Quantos migrantes – fugitivos e refugiados da violência política, étnica, religiosa e ideológica; das mudanças climáticas cada vez mais extremadas e catastróficas, da pobreza, da miséria e fome – enfrentam atualmente a mesma travessia! São multidões provenientes da Síria, da Venezuela, da Ucrânia, do Afeganistão, do Sudão do Sul, da Etiópia, da Nigéria, de Moçambique, de Mianmar, do Haiti, da Palestina; de vários outros países da América Latina e Caribe, África e Ásia, para citar somente alguns lugares conflagrados. Em grande parte, seguem sem raiz, sem pátria e sem rumo, incertos, inseguros e inquietos quanto ao futuro. Passam a vagar pelos mares e desertos, pelas florestas e fronteiras, batendo de porta em porta, sendo recebidos em troca com preconceito, discriminação, hostilidade, xenofobia e rechaço.
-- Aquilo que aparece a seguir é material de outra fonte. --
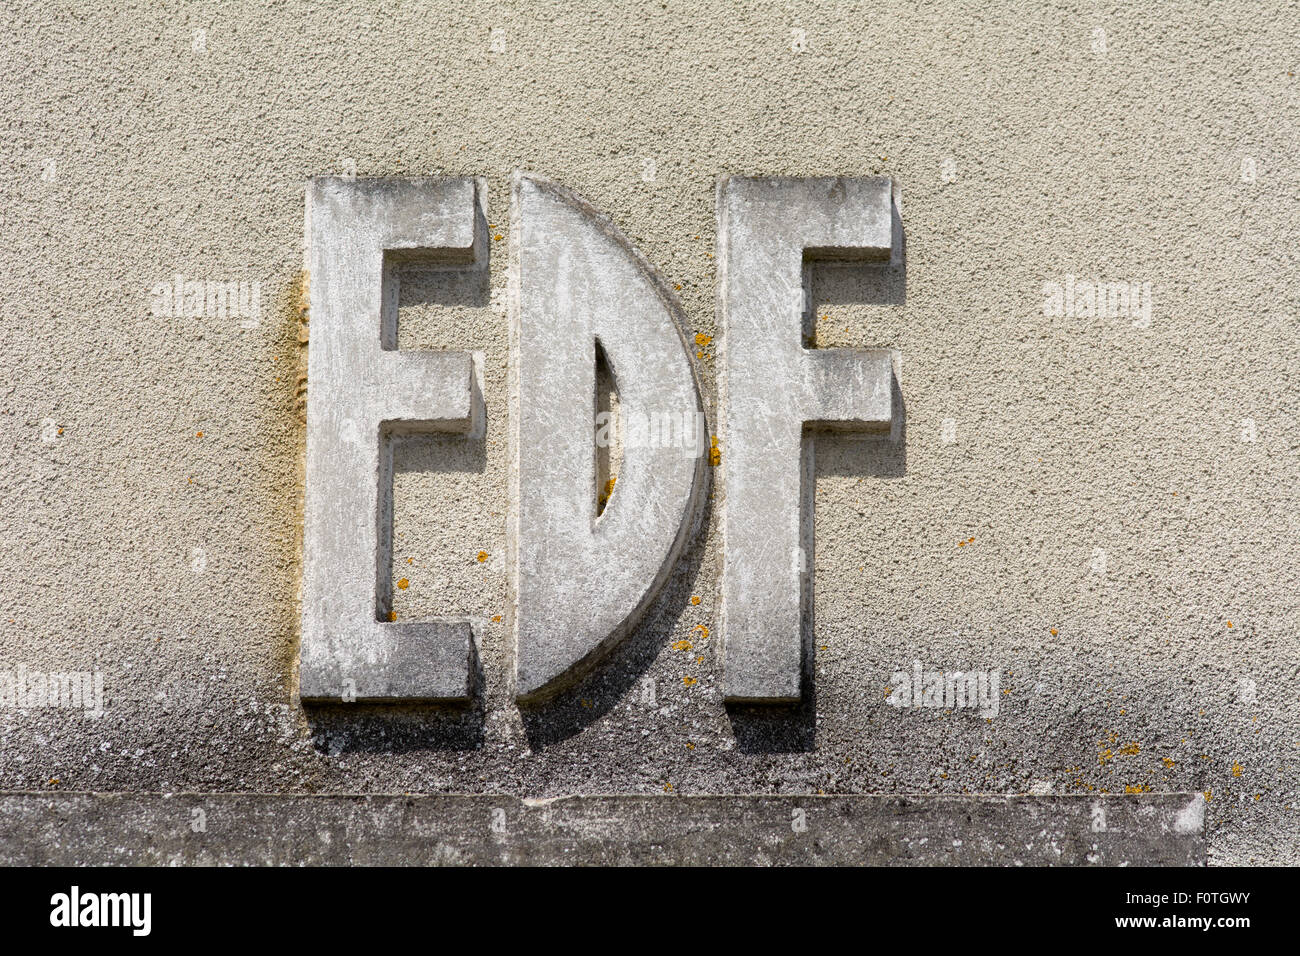 EDF 'Électricité de France' (Electricity of France) concrete sign on building in French village Stock Photo

Voltando ao texto bíblico, o forasteiro revela-se curioso no confronto com os dois fugitivos. Por que estão tristes, o que aconteceu, para onde estão indo, o que vão falando pelo caminho? Interessa-lhe o estado de seus rostos, o conteúdo de suas palavras, o rumo de seus passos. Na qualidade de desconhecido e estranho, reserva-se o direito de interrogar. Os fugitivos, encontrando um ouvido atento, põem-se então a narrar os recentes acontecimentos que levaram à morte o Nazareno. Inicia-se um diálogo entre os fatos brutos da vida cotidiana e as palavras da Sagrada Escritura. Coisa surpreendente: primeiro fala a experiência vivida, depois é que os relatos bíblicos entram em cena. Talvez porque a existência humana, com seus sonhos e esperanças, suas lutas e embates, derrotas e vitórias, já se encontre impregnada das sementes da Palavra de Deus. Disso decorre que esta última só venha a ser consultada e esclarecida na medida em que possa para trazer alguma luz e sentido aos fatos que tanto preocupam os fugitivos.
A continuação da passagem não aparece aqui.